## TASK ITEM
Please set down, unchanged, each line from the one with "Sainsburys card immagini" to the final line of the data below, both included. Drop the pictures.

## DATA SEGMENT
--- START ---
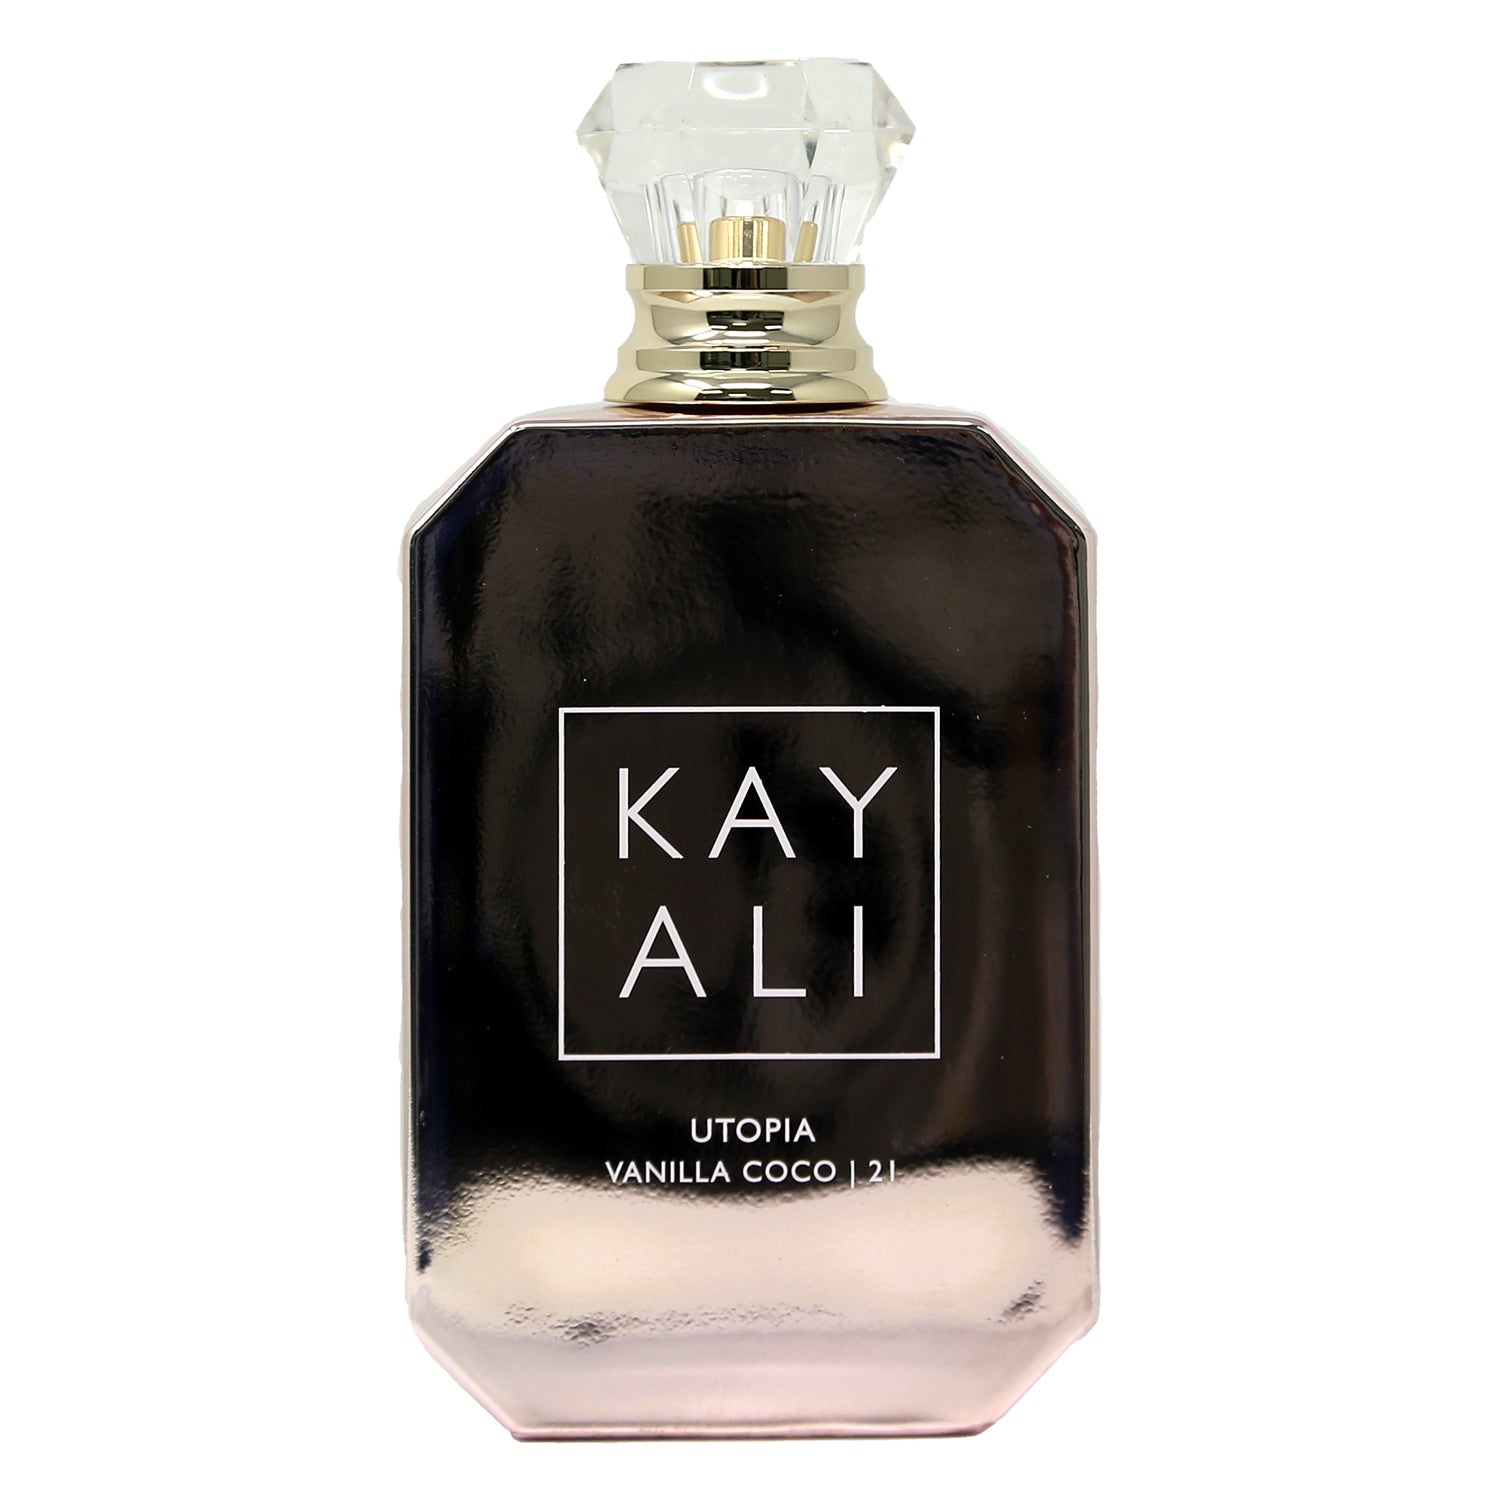 Kayali Utopia Vanilla Coco 21 Eau de Parfum Intense Unisex 2ml
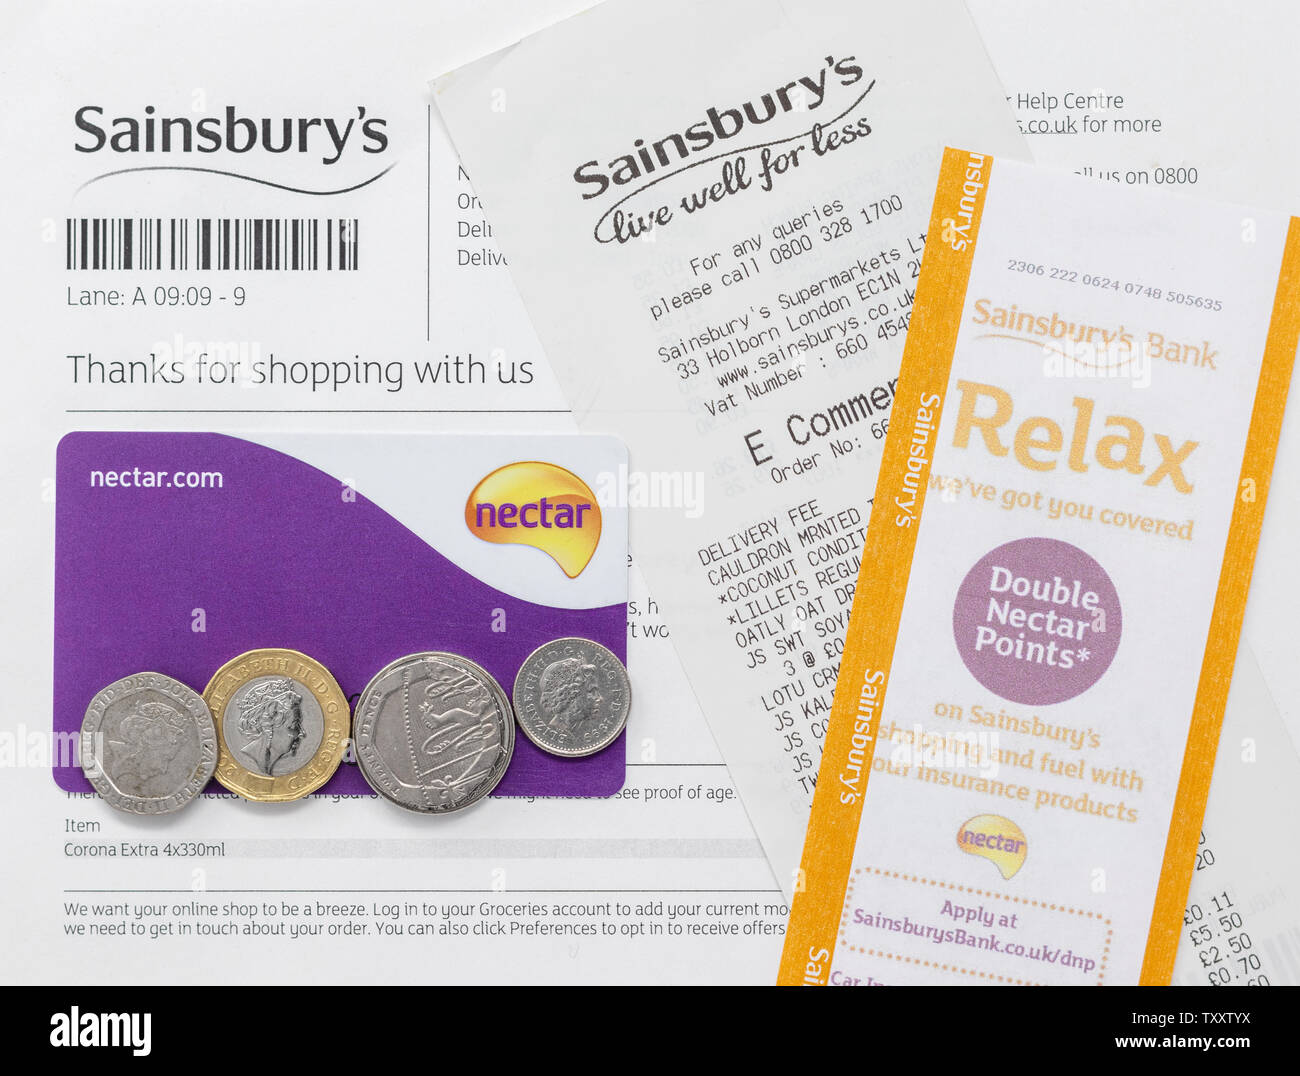 Sainsburys card immagini e fotografie stock ad alta risoluzione - Alamy
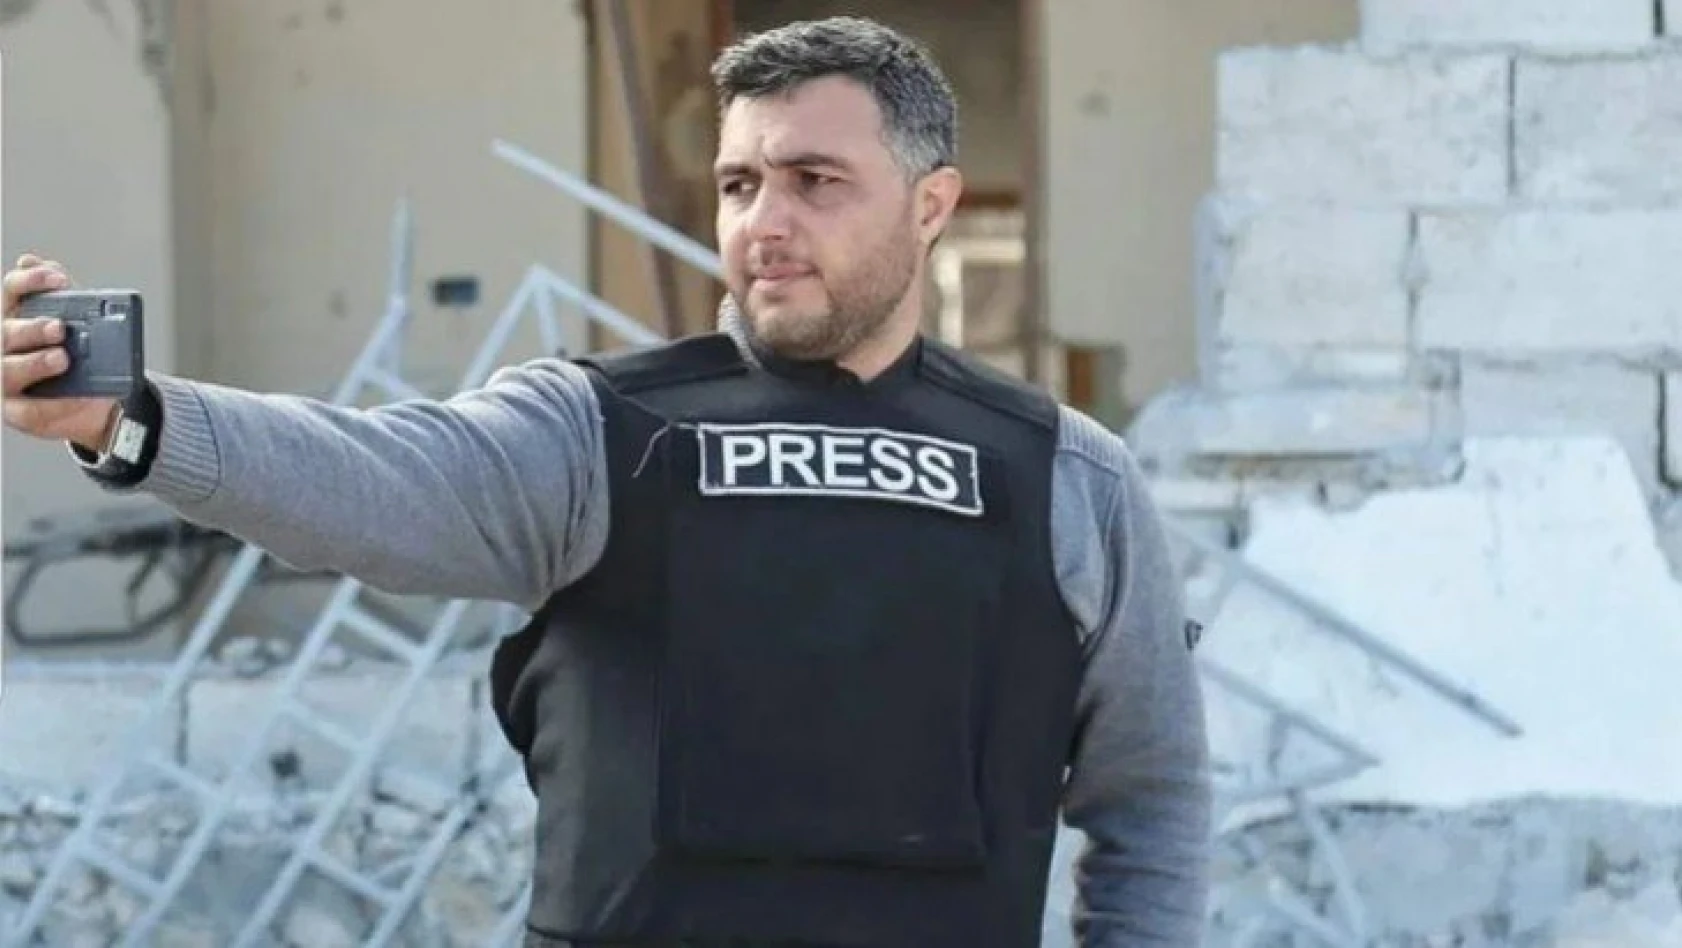 TRT muhabiri Hüseyin Hattab, suikast sonucu hayatını kaybetti
--- END ---
## RESULT OF THE TASK
 Sainsburys card immagini e fotografie stock ad alta risoluzione - Alamy
 TRT muhabiri Hüseyin Hattab, suikast sonucu hayatını kaybetti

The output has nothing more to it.